A cursory look at this data, though, reveals that many smugglers were caught trying to export their goods outside the country, headed not only to Egypt but also to Europe and North America.

Today, it seems that Ramla and Lod are no longer the drug capitals they once were. In 2013, the Israeli police published a detailed report about crime and punishment that included the most in-depth publicly available statistics on drug-related arrests in the country.

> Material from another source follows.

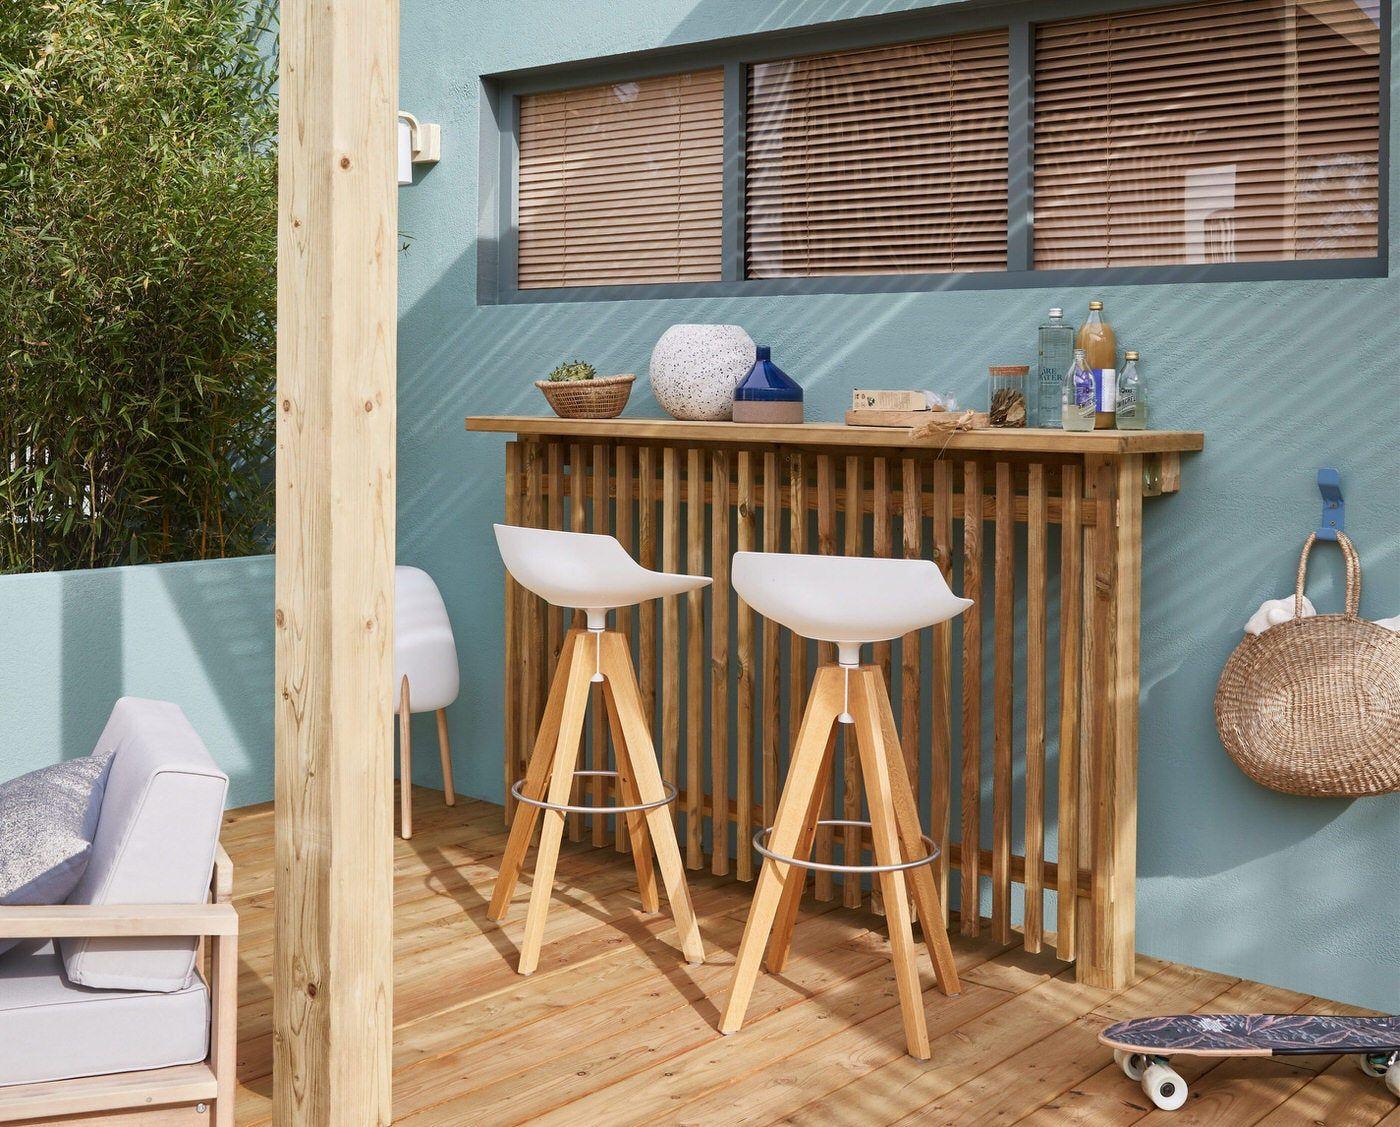 Les Produits Phares Pour Vous Lancer Leroy Merlin Inspiration En 2020 Jardin Maison Salon De Jardin Design Decoration De Cafe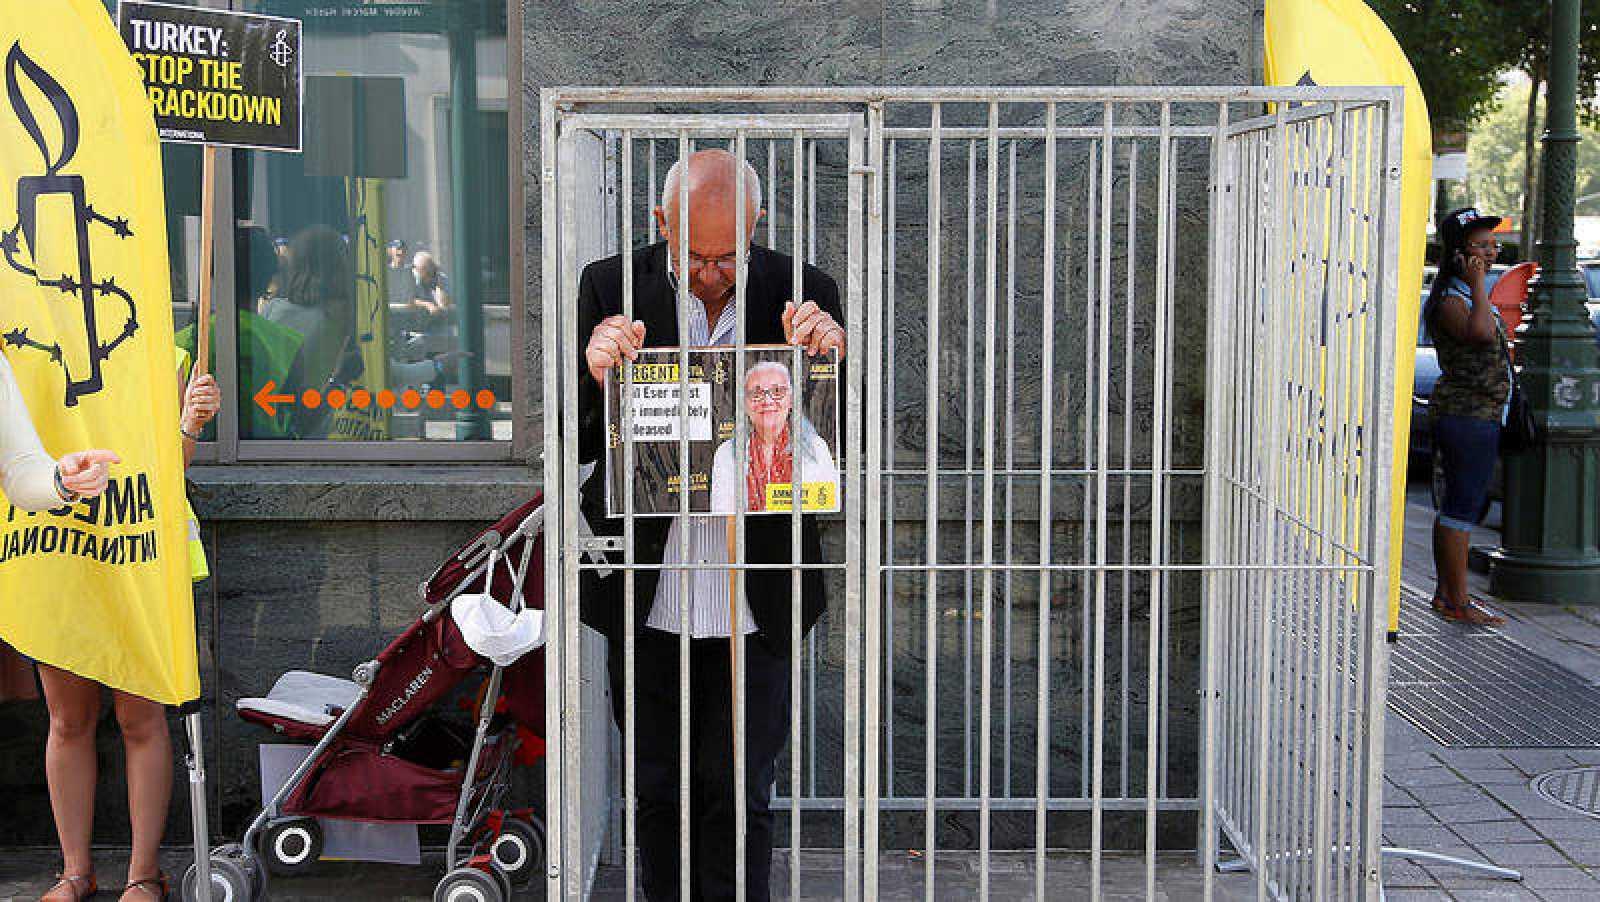 El director de Amnistía Internacional en Bélgica, Philippe Hensmans, durante una proteta frente a la embajada turca en Bruselas para pedir la libertad de Idil Eser

In Israel’s Central District – which includes the sub-districts of Petah Tikva, Ramla, Sharon, and Rehovot – the police indicted some 588 people in drug smuggling charges out of a total population of some 1,649,800 people, or roughly .035641 percent of the population. Interestingly, the same figure is 1.69 times higher in the Tel Aviv District, 1.47 times higher in the Southern District, 1.19 times higher in the Haifa/Coastal District, and roughly equivalent among Israeli settlers living in the occupied Palestinian territories.

The rate of drug-related indictments in the Central District (which includes Ramla and Lod) is only higher than the Jerusalem District and the Northern District. (Note that the report did not provide any data on specific cities, only districts).

There is perhaps nothing unusual, though, about stereotypes based on anecdote and legend rather than evidence.

By Zachary Foster. Foster is Ph.D. student at the Department of Near Eastern Studies, Princeton University.